The Temptation to Hire for the Wrong Reasons
When pressure is high and results matter, it’s easy to default to the most measurable data: certifications, skills, metrics, and past results. But when you put someone in a position of influence without vetting their integrity, what you gain in speed you lose in stability.
This is where the disconnect begins. We assume competency will lead to culture fit. But culture will never be protected by talent. It’s protected by trust. And trust is built by people who show up consistently, take responsibility, and handle power with humility.
Most leaders don’t slow down long enough to examine those qualities.
But Scripture gives us a different lens.
“Above all else, guard your heart, for everything you do flows from it.” — Proverbs 4:23 NIV
This isn’t a feel-good reminder about being kind. It’s a foundational leadership principle.
If everything flows from the heart, then what’s in someone’s character will eventually show up in their leadership, especially under pressure.
Skills may open doors, but your heart determines what happens once you're inside.
Hiring without assessing a person’s heart is like building a house without checking the foundation.
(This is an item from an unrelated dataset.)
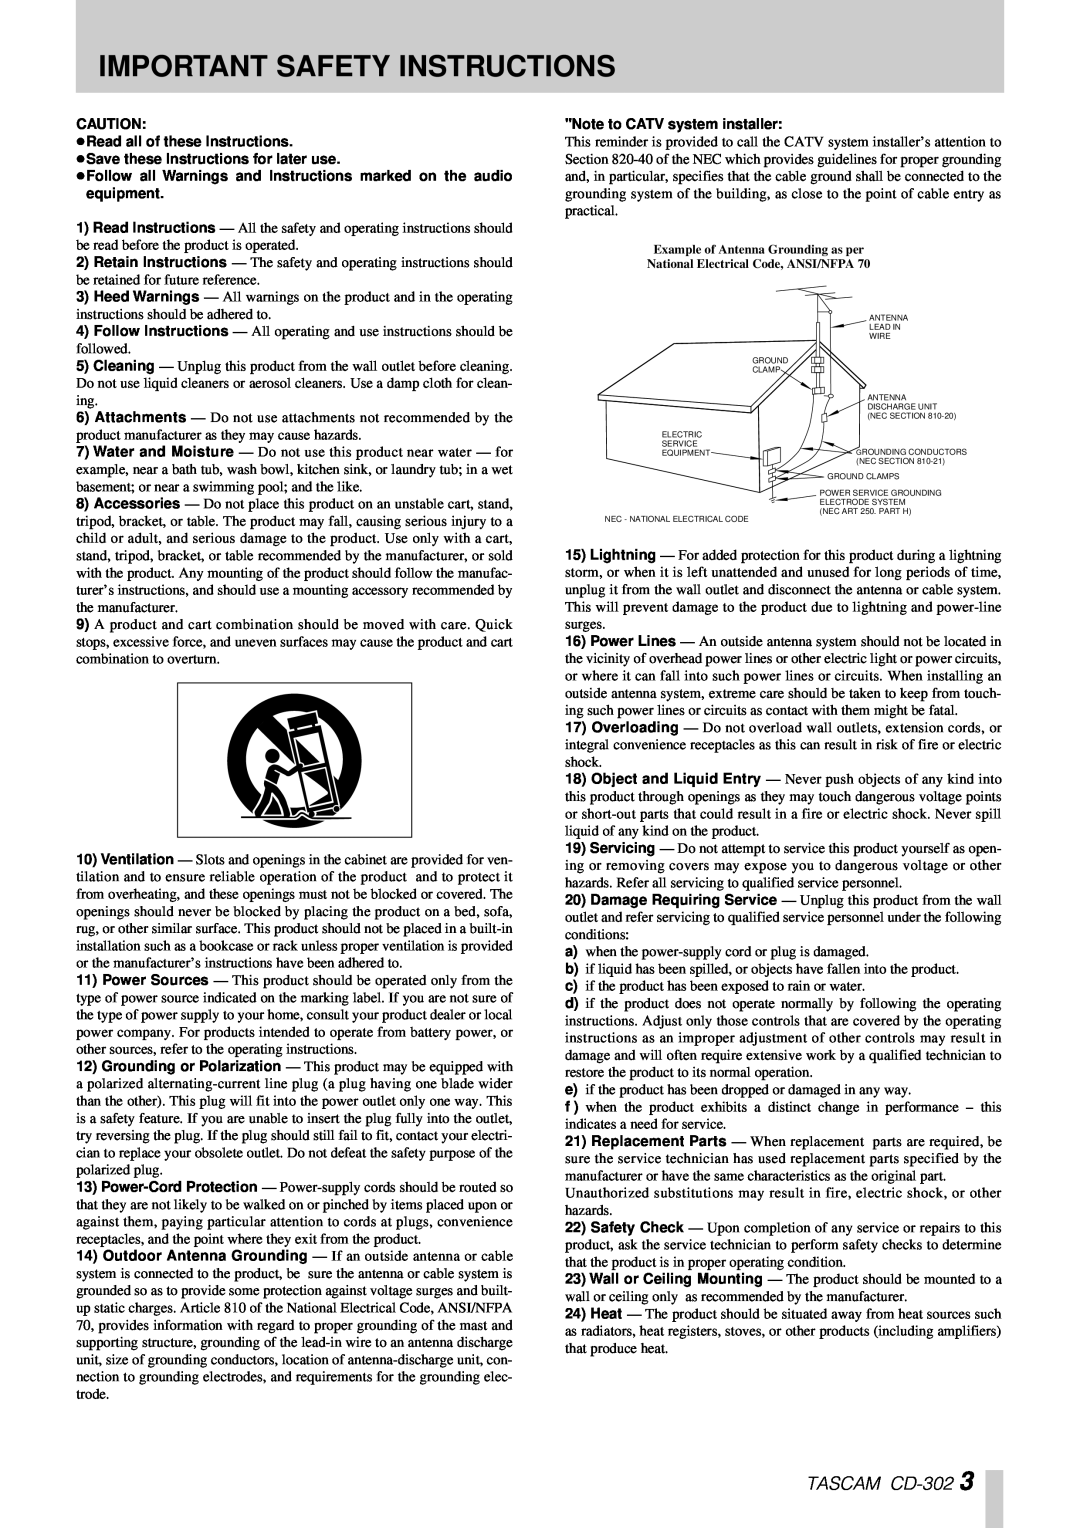 Tascam owner manual Important Safety Instructions, TASCAM CD-302

It may stand for a while, but when stress comes, and it always comes, it won’t hold.
That’s why Proverbs doesn’t say "occasionally check" your heart. It says "guard it, above all else."
What if we brought that same vigilance to our hiring?
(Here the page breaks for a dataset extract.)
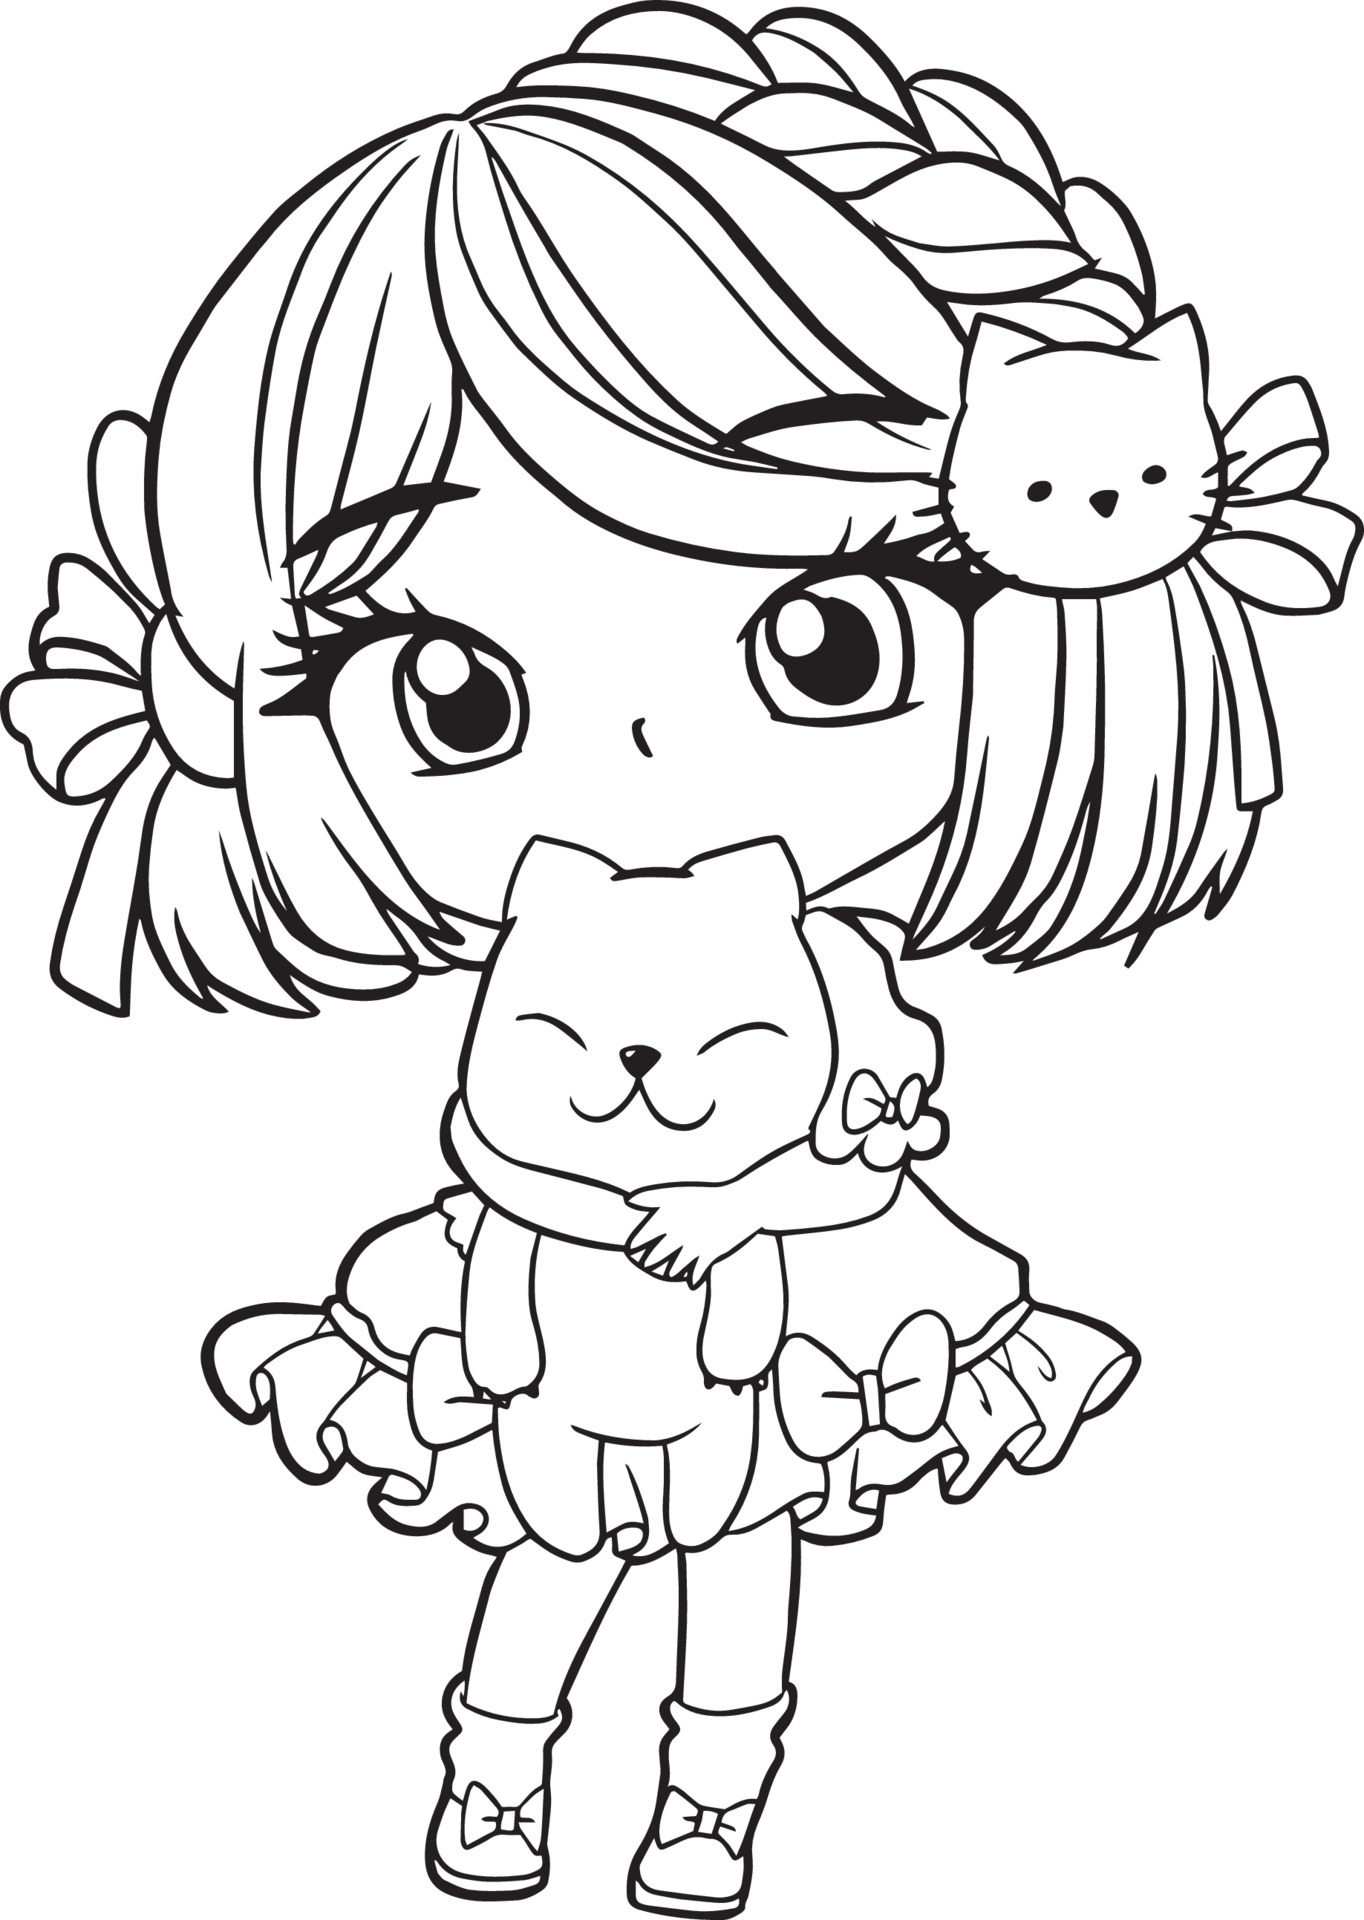 Kawaii Coloring Pages Vector Art, Icons, and Graphics for Free ...

When the Resume Outpaces the Integrity
The warning signs don’t always show up on day one. In fact, the most dangerous hires are often the most impressive at first. They’re articulate, confident, technically sound, and quick to learn. But beneath the surface, something’s off.
They manipulate data to win an argument.
They take credit for team wins and shift blame when things go sideways.
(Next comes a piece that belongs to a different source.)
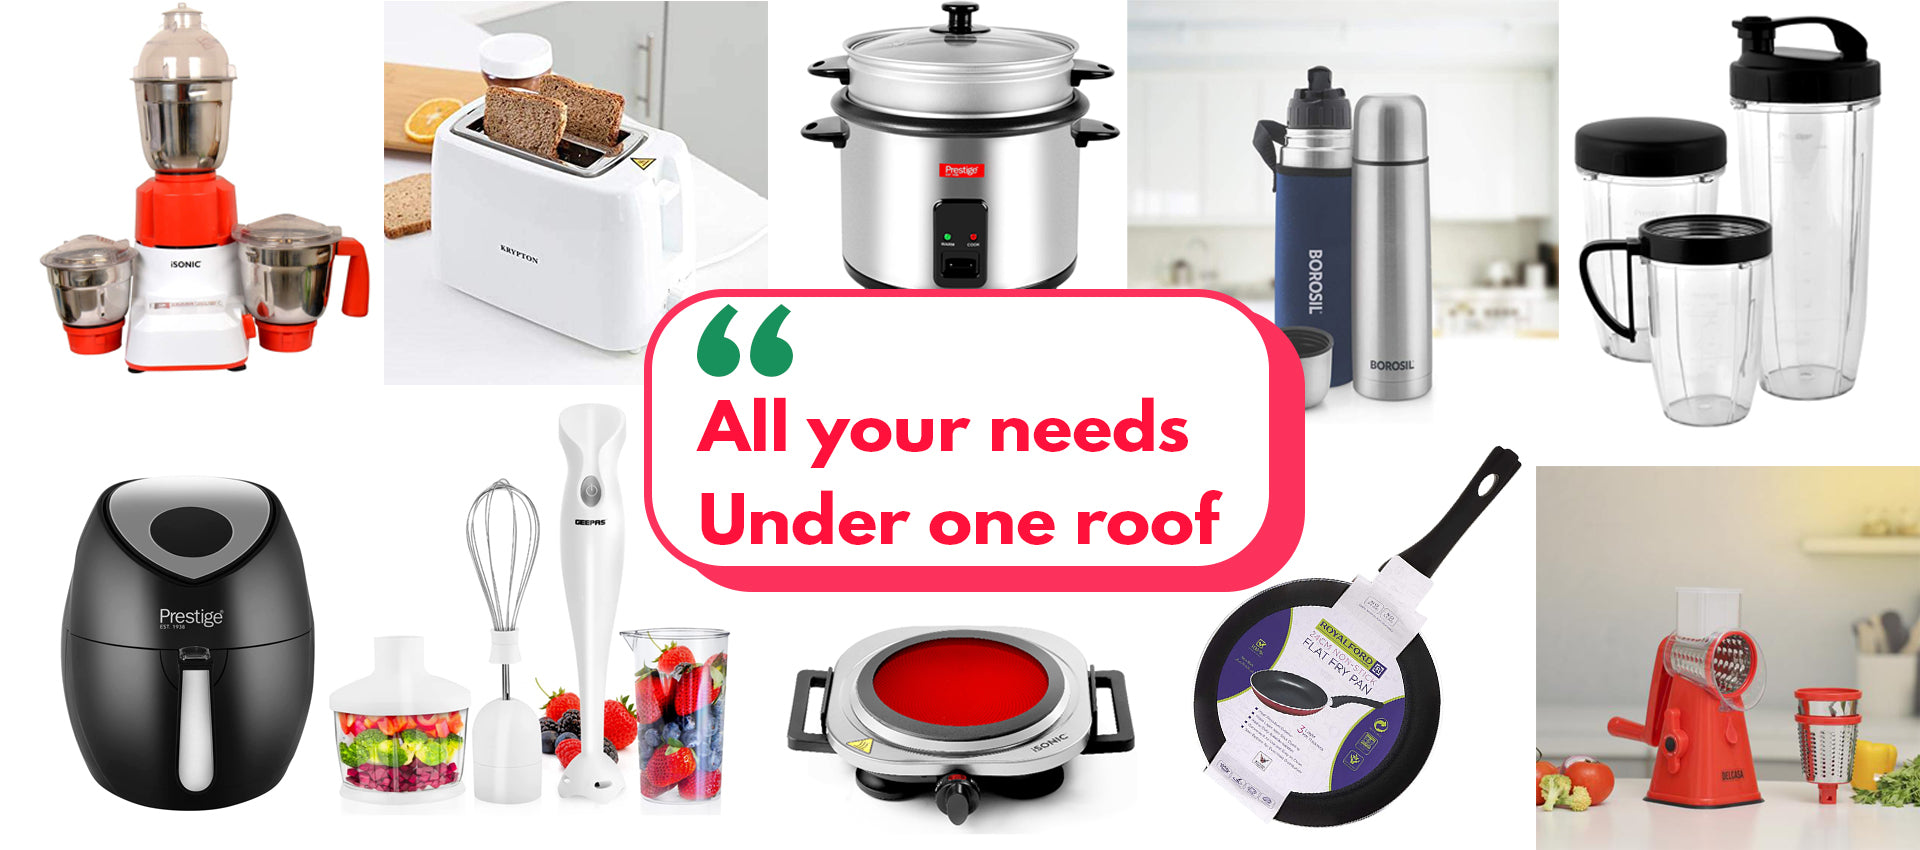 Transform your home with our versatile range of household essentials for a clean and organized space

They flatter up and pressure down.
And because they produce results, they often go unchecked until the culture is fractured and trust is gone.
I’ve sat across from executives and leaders who couldn’t figure out why their once-thriving team was now filled with tension. I’ve walked teams through cleanup after one person’s hidden character flaws created a ripple effect that almost destroyed the organization.
They didn’t hire a bad person. They hired someone whose heart was misaligned and didn’t catch it until it was too late.
Why We Keep Making the Same Mistake
Leaders are drawn to confidence and competency. That’s not wrong, it’s human. But it becomes dangerous when we confuse confidence with character.
Most interviews reward performance under pressure. But real leadership is revealed when no one’s watching. The problem is, we don’t interview for that.
We don’t ask:
“Tell me about a time you admitted fault when it cost you.”
“What did you learn from the last time you led through failure?”
“Who do you go to for honest feedback and what’s the hardest thing they’ve told you recently?”
Those kinds of questions go deeper than task execution. They surface the condition of where a person is in their professional maturity.
We say we care about values, but we rarely test for them.
And when we fail to guard the gate, we pay the price.
If everything flows from the heart, then the heart is what we must vet first.
That means watching how someone:
Talks about former teammates and bosses
Responds when asked about mistakes
Treats people with less perceived power
Handles delayed timelines or unexpected friction during the hiring process
We don’t need perfect people. But we do need people who are healthy. Teachability, humility, and self-awareness aren’t bonus traits. They’re essentials.
Proverbs 4:23 reminds us that what’s inside eventually becomes visible. So before we rush to judge skills, we need to be wise enough to examine the source.
The Multiplier Effect of Character
The right hire with the right heart will multiply your team’s momentum.
They create safety. They elevate others. They bring clarity. They handle pressure without making it everyone else’s problem.
When something breaks, they take responsibility. When something wins, they give credit. They lead in meetings, but they lead even more when they think no one’s watching.
And that’s the person worth waiting for.
One person with strong character will do more for your culture than five high-performers with ego issues.
Proverbs 4:23 doesn’t just apply to who you hire, it applies to how you lead. If you aren’t guarding the heart of your team, you’re giving the enemy a foothold in your culture.
Building a Character-First Hiring Process
So how do you move from theory to practice? Here’s a framework to help you build a process that prioritizes heart over hype.
1. Slow the Process Down
Urgency is the enemy of discernment. If someone is being rushed into a key seat, you should pause. Speed rarely builds something that lasts. It builds liability.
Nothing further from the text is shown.